Detalhe significativo: a concepção de Ford era absolutamente voltada para engenharia. Ford não acreditava e odiava marketing, mesmo sendo impossível dissociar sua visão dele, marketing. Ele pensava em produção em escala, produto barato, ampliação do mercado.

É quando surge Sloam, chefão da GM, que rouba a liderança de Ford, justamente por agregar marketing à concepção original dessa indústria.

- os carros da Ford podem ter qualquer cor, desde que seja preto (Henry Ford)

- um carro para cada público, um preço para cada mercado (Sloam)

A “magia” foi transferir a concepção de “indústria de carros” (custo) para o mundo fashion (moda) – genial.

Aqui, nesse momento, aprendemos que em marketing a solução de hoje pode ser o problema de amanhã. Isso ocorreu com Ford: por teimar em não querer mudar, não tinha mais para quem vender seus produtos.

Numa sociedade que vai se transformando vertiginosamente, ter sucesso (dar resultado), ser empreendedor; é muito mais difícil e complexo. A perplexidade no mundo das empresas é enorme em decorrência disso. A concorrência ficou selvagem. Fundamental entender que do emaranhado de problemas que interagem é necessário (obrigatório) ter capacidade de ser criativo. Propor soluções. É quando o marketing passa ter relevância.

Marketing virou “relações”, não mais propaganda.
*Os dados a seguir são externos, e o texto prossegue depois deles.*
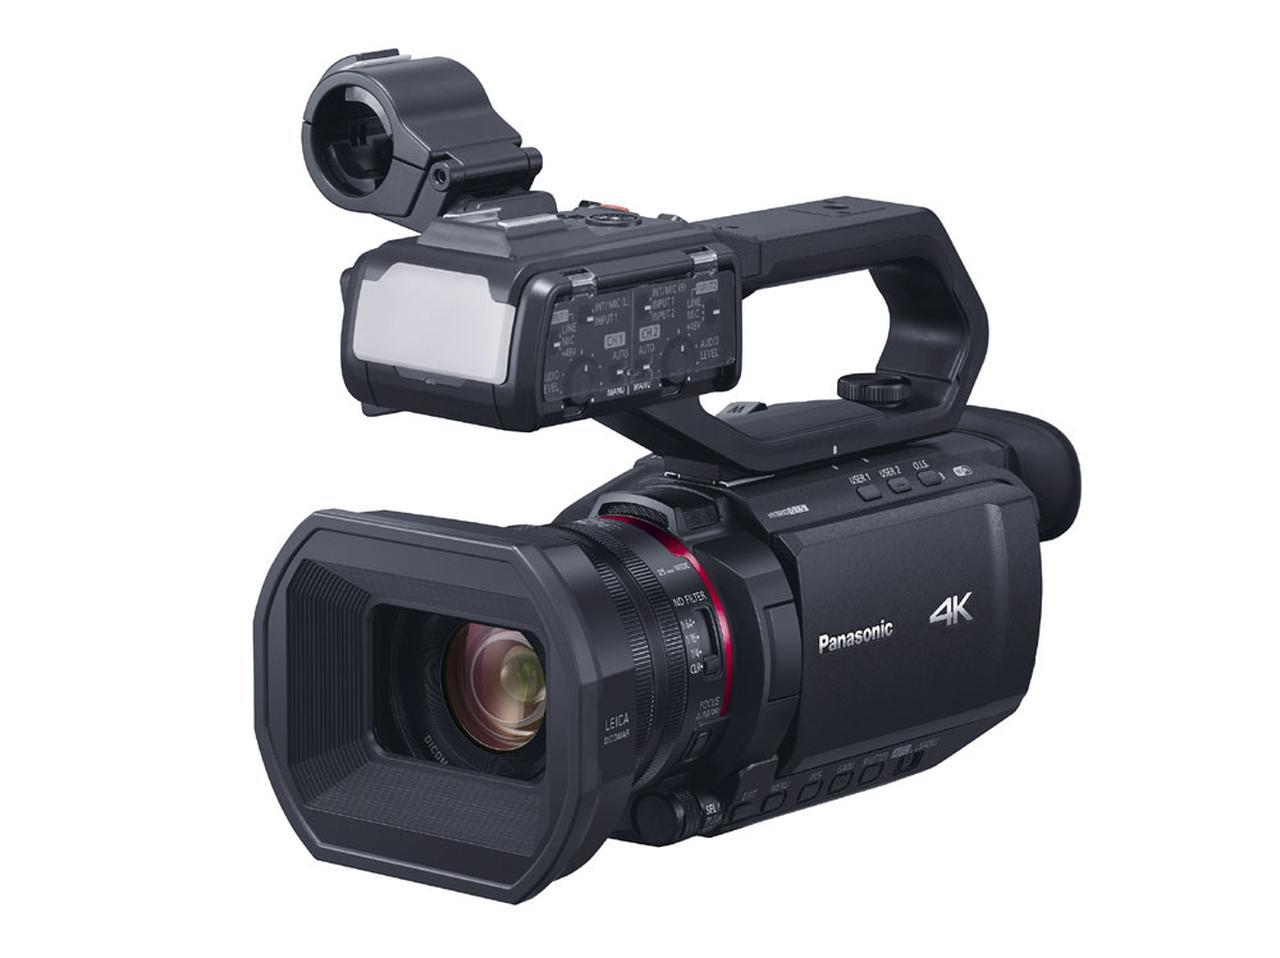 画像: パナソニック、4K/60p映像の撮影が可能なデジタル4Kビデオカメラ「HC-X2000」「HC-X1500」を3月19日に発売 - Stereo Sound ONLINE

Fazer marketing migrou de “atender” necessidades e desejos para “criar” necessidades e desejos. Pela ótica empreendedora, marketing está em “vislumbrar possibilidades de negócios” até então desconhecidos ou sequer usados.

Para tanto, primeiro preciso “entender” para depois “atender” Detalhe deveras perspicaz: pessoas não compram produtos, compram soluções Como conseqüência altera-se, de forma absoluta, a concepção de algo até então irrelevante em marketing: o supérfluo. O que é supérfluo nesse mundo? Difícil explicitar.

Nada mais imponderável que um ser humano na frente de uma vitrine! Pensar o óbvio é deveras confuso num mundo de tantas mudanças radicais e profundas.

O mundo mudou, o ser humano mudou como conseqüência, morreu o mercado de massa, dando espaço a um novo tipo de consumidor: informado, seletivo, complexo, dúbio, não mais fiel a marca e empresas. Antes contemplativo e conformado, hoje atuante e cobrador. Ciente da sua importância e de seus direitos. Exigente e proprietário de inúmeras alternativas.

Fundamental ser “observador”, objetivando captar o “detalhe” que cria o diferencial. Serr empreendedor implica muito na capacidade de observar. Veja a Pepsi Cola que “observou” que toda campanha publicitária da Coca Cola era em cima do produto (detalhe): Coca Cola é o máximo.  O que fez: enfatizou nova forma de vender seu produto. Mudou o foco da comunicação. O apelo publicitário era em cima de quem tomava (consumidor) o produto (detalhe) e não mais em cima do produto: você é o máximo – você bebe Pepsi. Você não vai querer beber a bebida de seus avós. Criou a “new generation” – nova geração – e dividiu o mercado americano de refrigerantes.

Num emaranhado de produtos similares, tenho que ter “sensibilidade” para ler as “circunstâncias” onde se trava essas batalhas mercadológicas, e para tanto tudo vai depender da minha capacidade de “percepção”.  . Meu Deus, como ficou difícil fazer marketing!!!

Esses termos grifados são pouco usuais nos livros de marketing.

Tomo a liberdade de encaminhar essa matriz, desenvolvida a partir desses termos, onde procuro abarcar a nova maneira de ver e fazer marketing. Esses termos não eliminam as conceituações básicas anteriores do marketing, mas sim, agregam e atualizam situações decorrentes desse novo consumidor, fruto desse novo marketing.

Meus caros alunos: boa viagem pelo fascinante mundo do marketing.